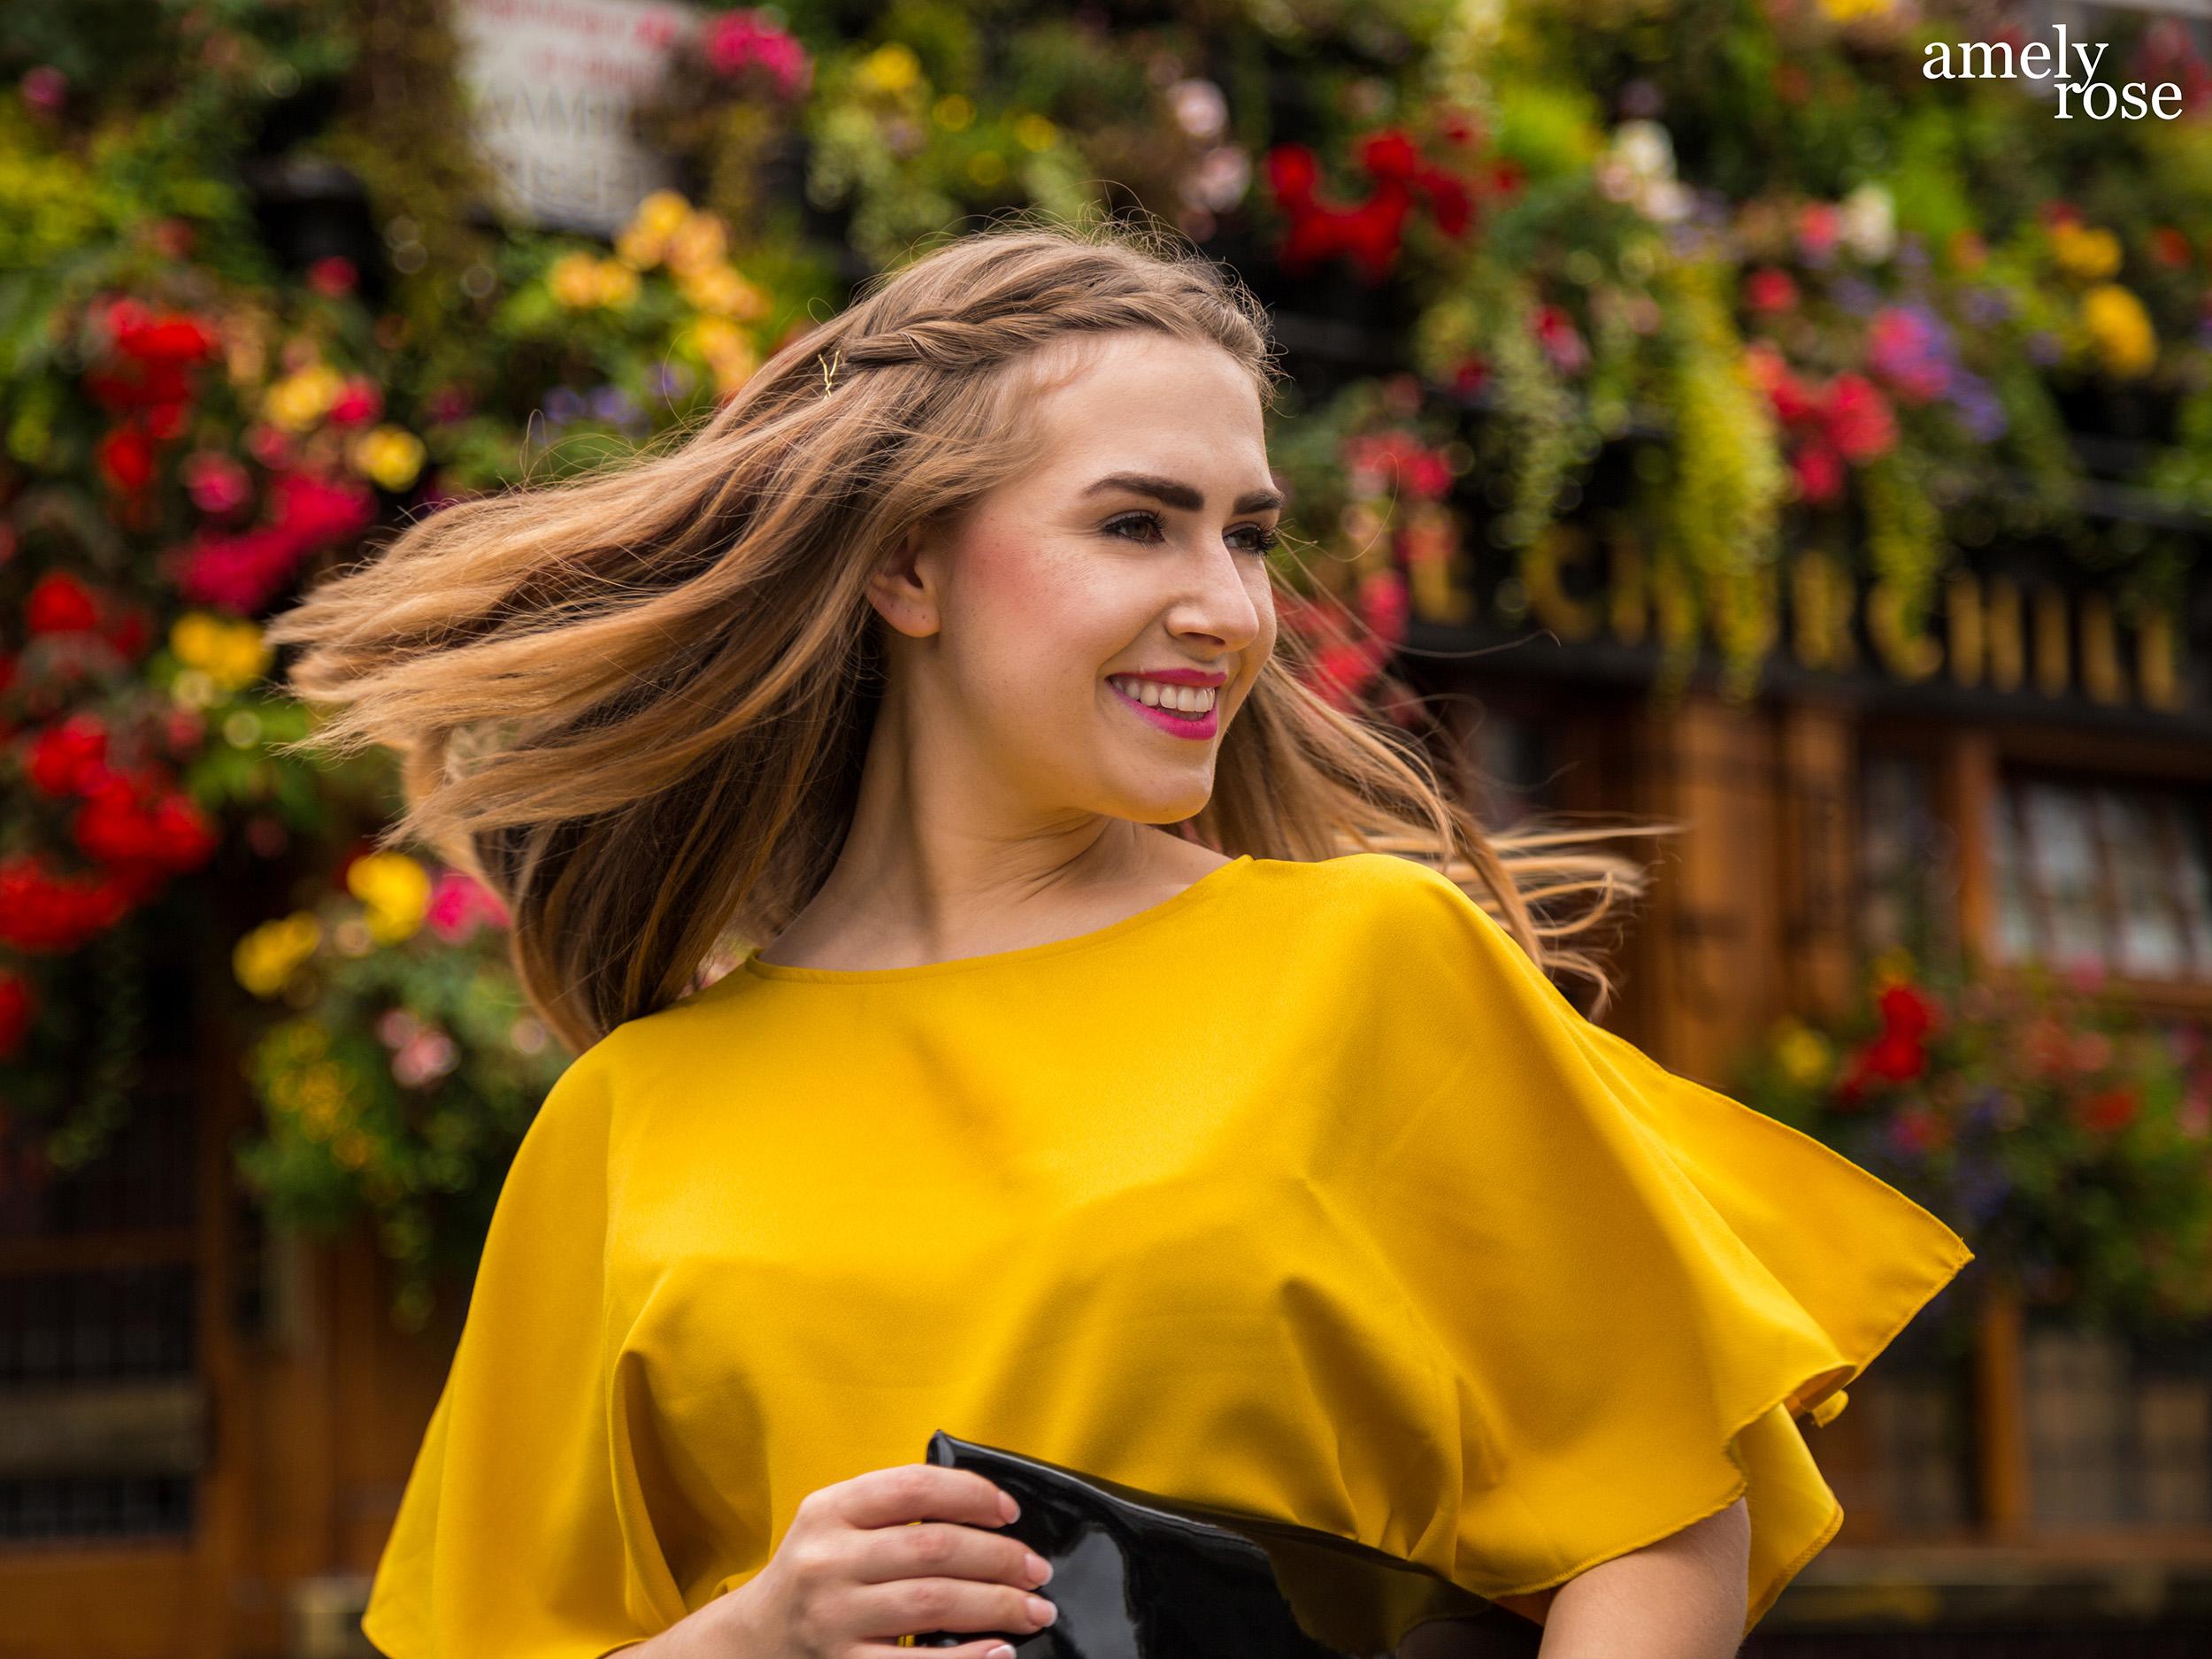 amely rose,german fashionblogger in einem gelben einteiler und einem sommerlook, zeigt ihr ootd zur lfw der londoner fashion week vor dem szeneviertel und pup churchillarms.
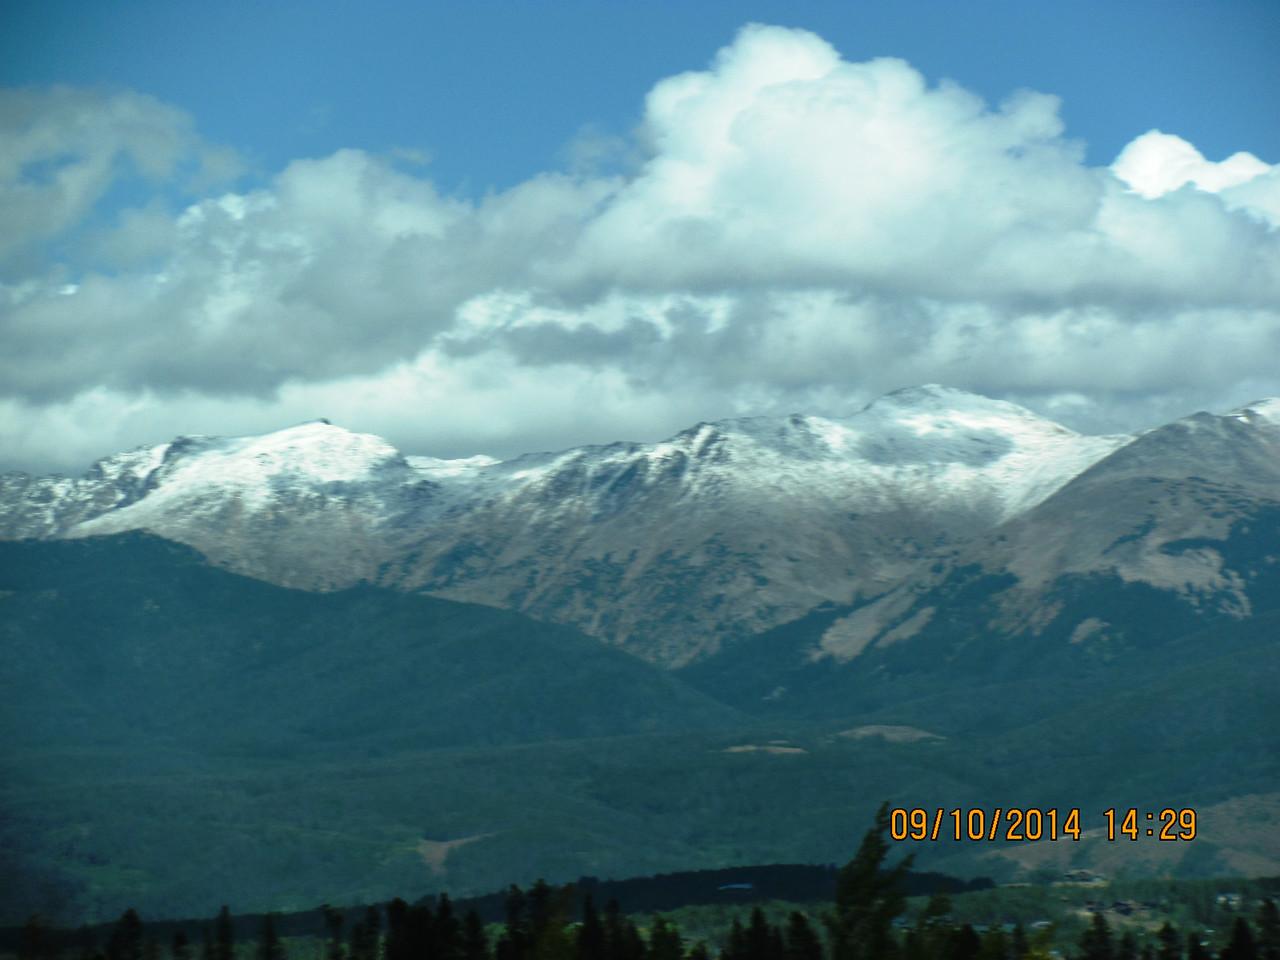 Snow on the high peaks already
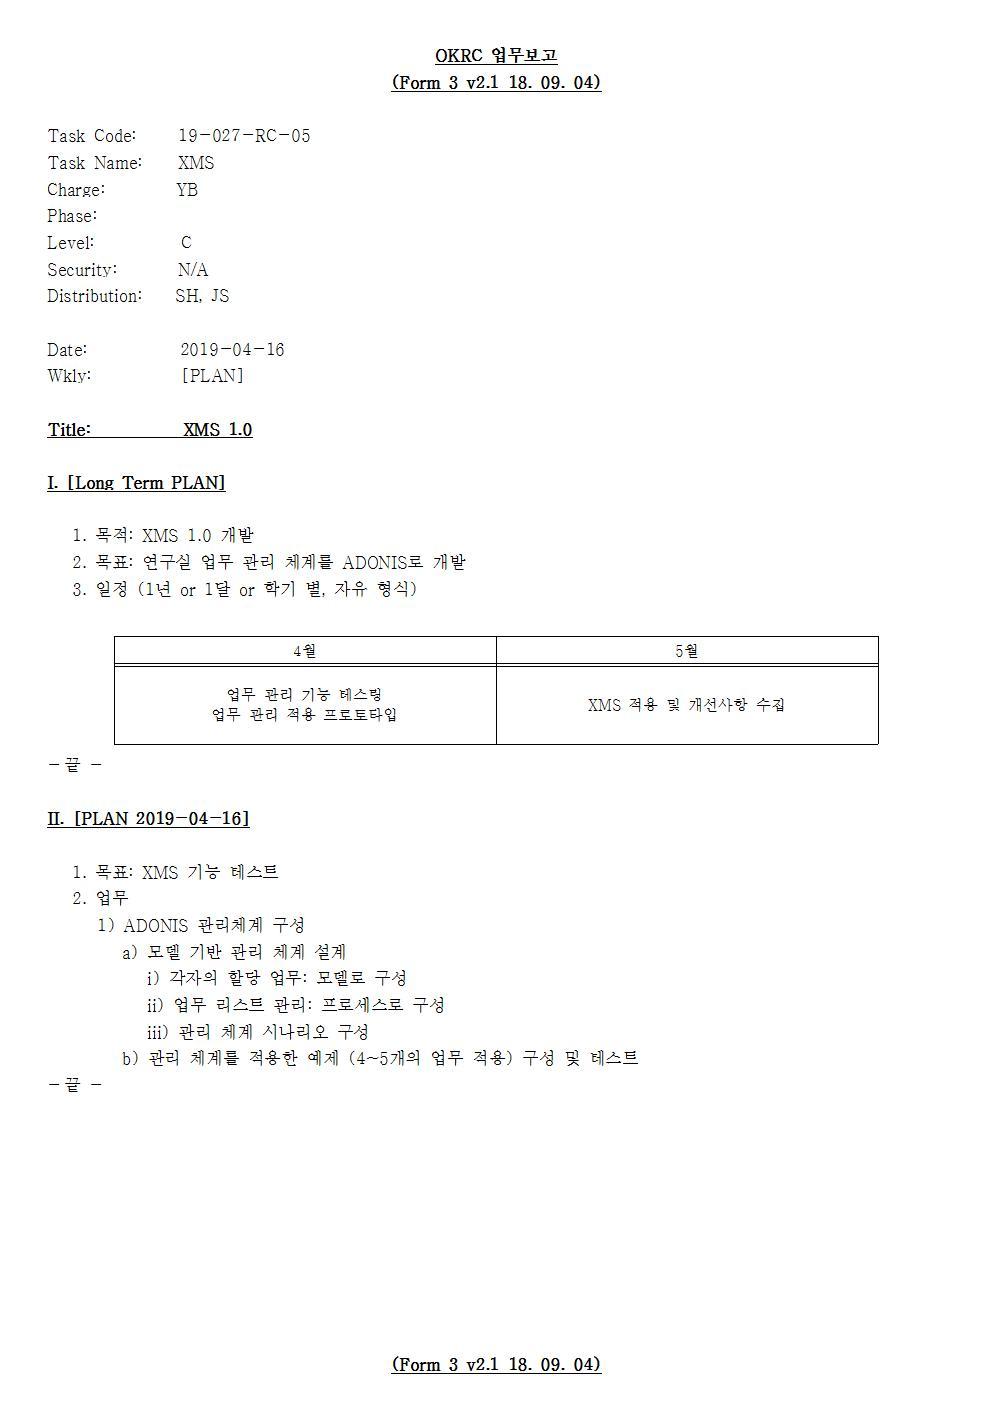 D-[19-027-RC-05]-[XMS]-[2019-04-16][YB]001.jpg

■ **What the task asks**: I need the lines from the line holding "Snow on the high peaks already" through the end of the material, inclusive, restated word for word and without pictures.

■ **Exercise answer**:
 Snow on the high peaks already
 D-[19-027-RC-05]-[XMS]-[2019-04-16][YB]001.jpg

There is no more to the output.